Tumori: Francia; vino sotto accusa, viticoltori furiosi

 


 


Un’associazione di viticoltori francesi ha denunciato “l’accanimento” di cui si ritiene vittima il settore dopo la pubblicazione, sotto l’egida del ministero della Sanità, di un rapporto sugli effetti di alcuni alimenti nell’insorgenza del cancro.


 


La protesta arriva all’indomani della pubblicazione dello studio dell’Istituto nazionale francese del cancro (Inca), che presenta il vino come uno dei principali fattori di rischio, anche in deboli quantità.


 


“Bisogna che finisca quest’accanimento contro il vino”, ha detto l’Associazione generale della produzione viticola (Agpv) in un comunicato, dispiacendosi per questo continuo “stigmatizzare” il vino. I produttori si dicono “nauseati dal silenzio e dall’inerzia dei poteri pubblici”.


 


Secondo lo studio dell’Inca, un solo bicchiere di vino al giorno aumenta il rischio di ammalarsi di cancro.
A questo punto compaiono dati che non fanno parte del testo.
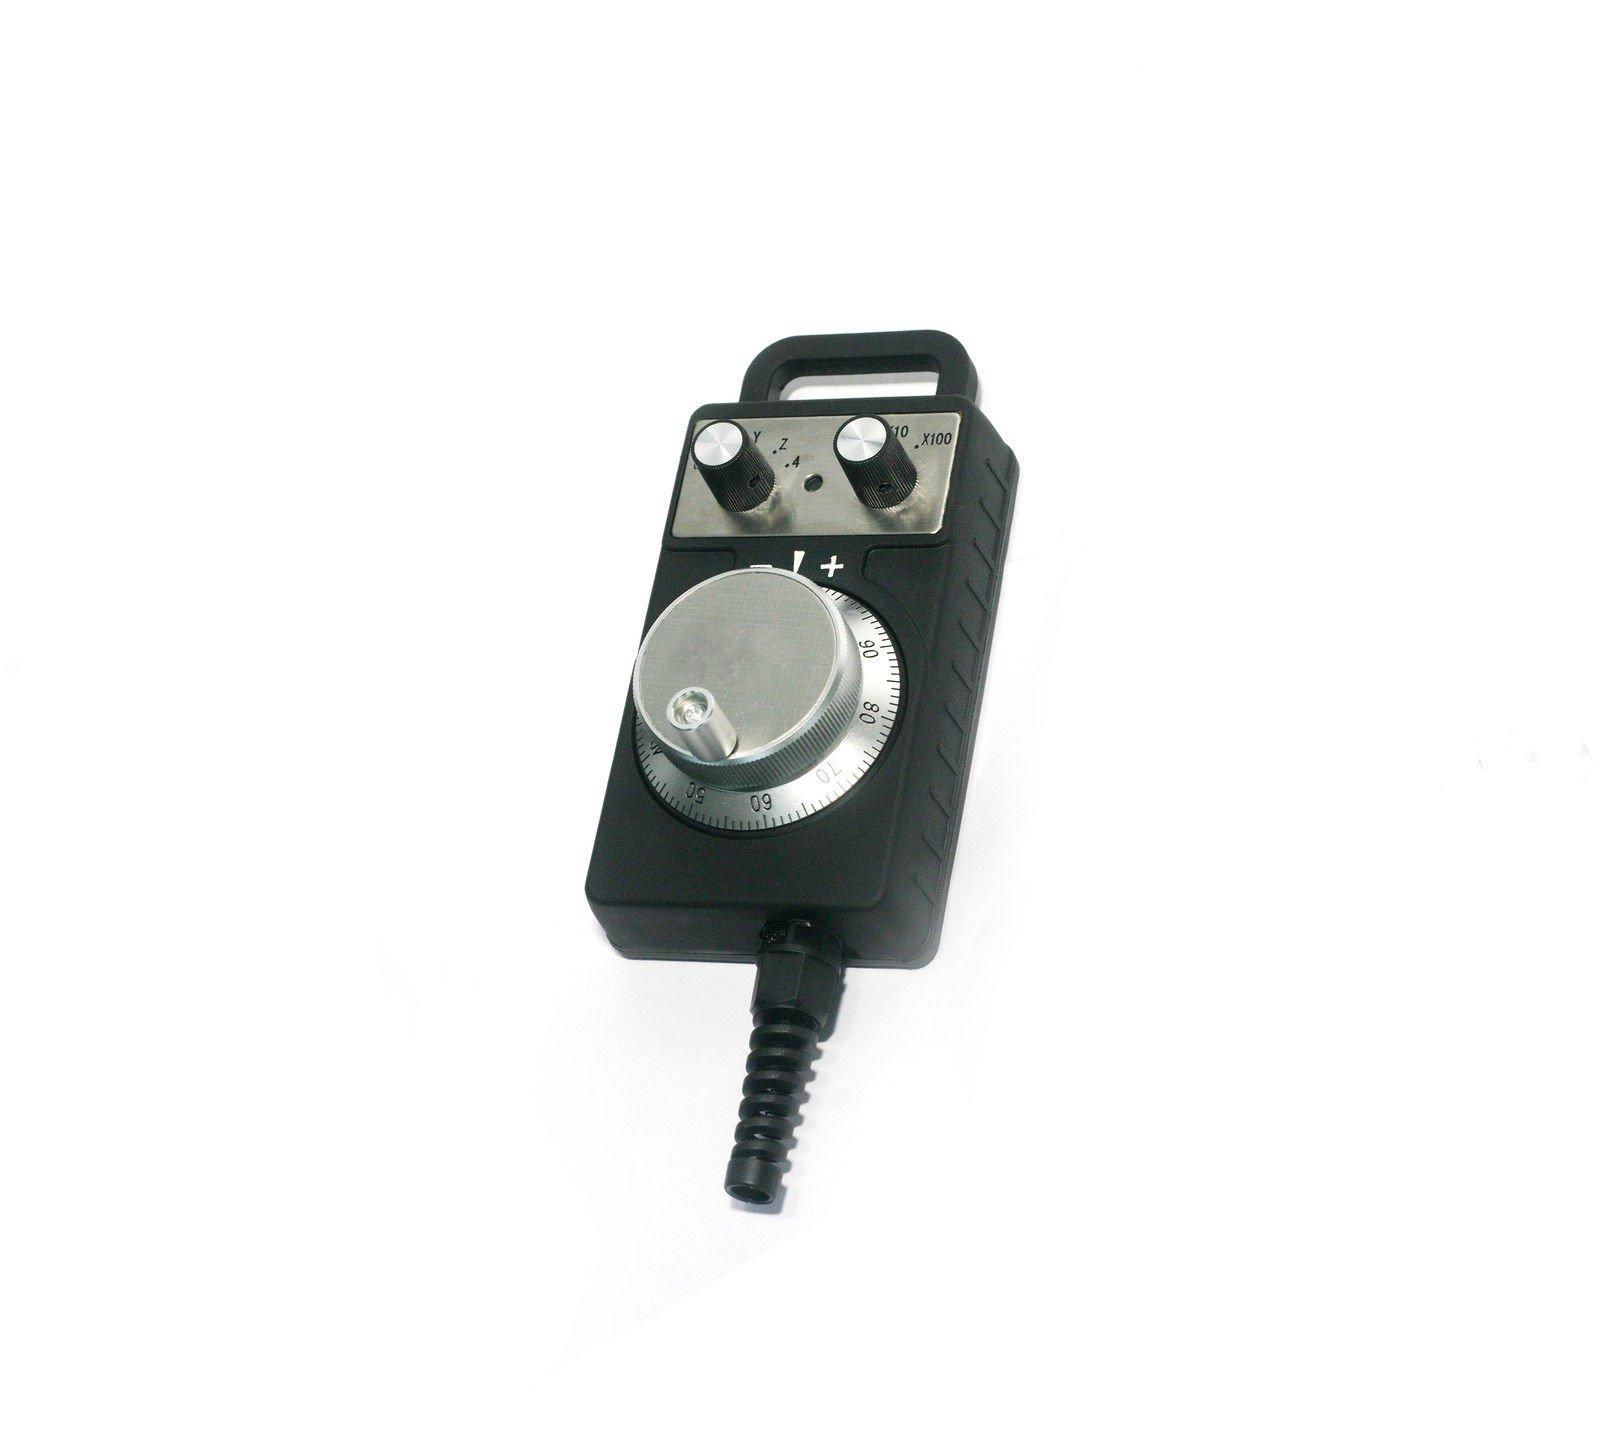 Handy Pulser MPG Handwheel 4 Axis DC5-15V 100PPR Emergency Stop Enabling Switch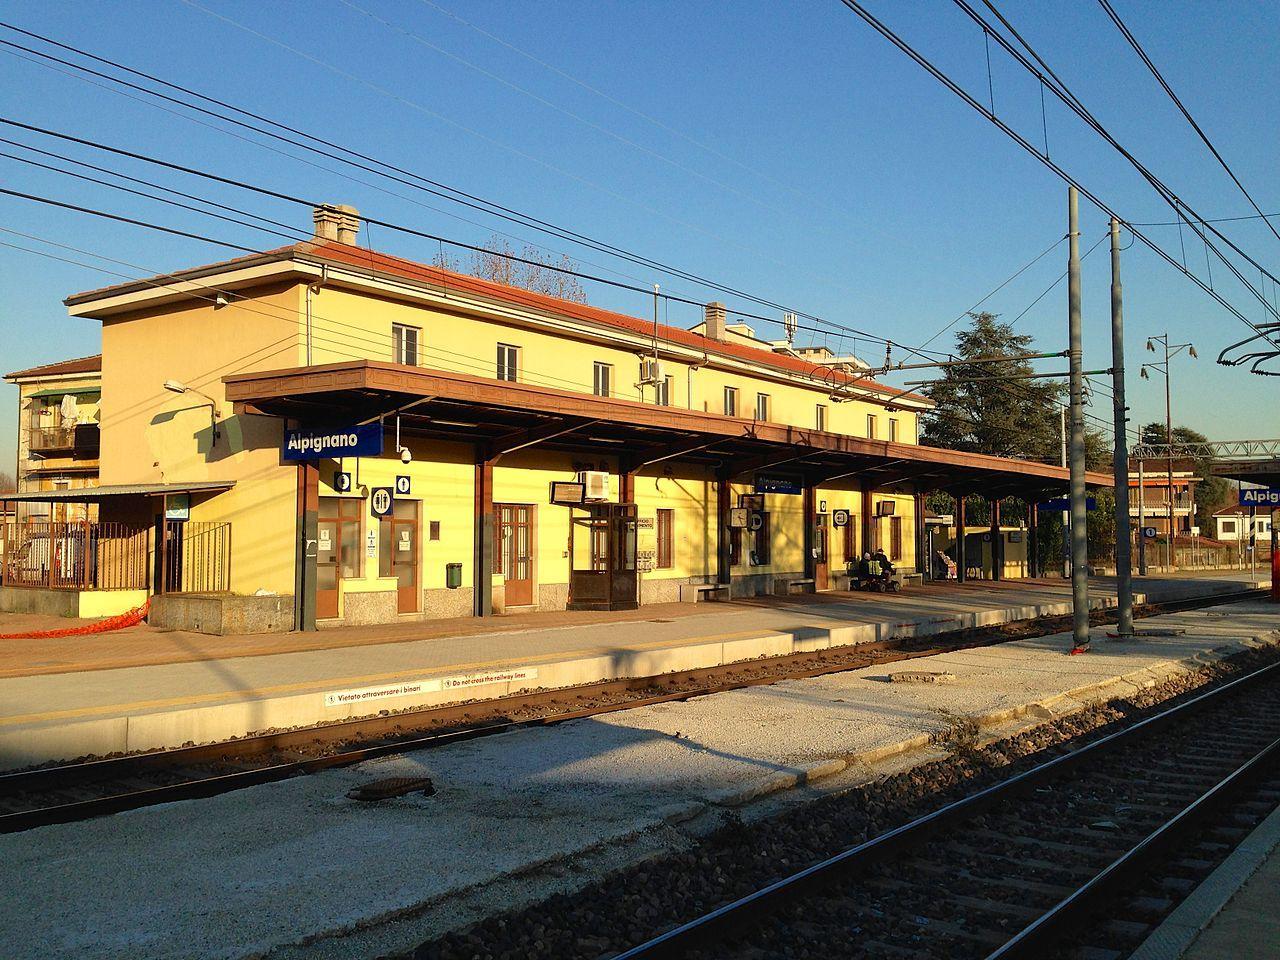 Stazione di Alpignano 01.jpg

Per l’Agpv “una controperizia ha già dimostrato i limiti di questo dato, che risale al novembre del 2007, oltre al fatto che numerosi studi internazionali, in particolare quello del Fondo mondiale per la ricerca contro il cancro, concludono che il rischio è reale per un consumo eccessivo”.


 


( Fonte Ticinonews )


 


Considerazioni di Winetaste


 


Credo , e spero vivamente, che questa notizia NON corrisponda al vero, perché dopo 25 anni di degustazioni a questora dovrei essere già passato ad altra vita, cosi come molti miei colleghi ed amici, che invece godono di ottima salute, come il sottoscritto : per nostra fortuna.


Moderazione.moderazione e soprattutto bere vini di qualità, questo è lunico consiglio che mi sento di dare, fermamente convinto che un bicchiere ai pasti sia solo salutare.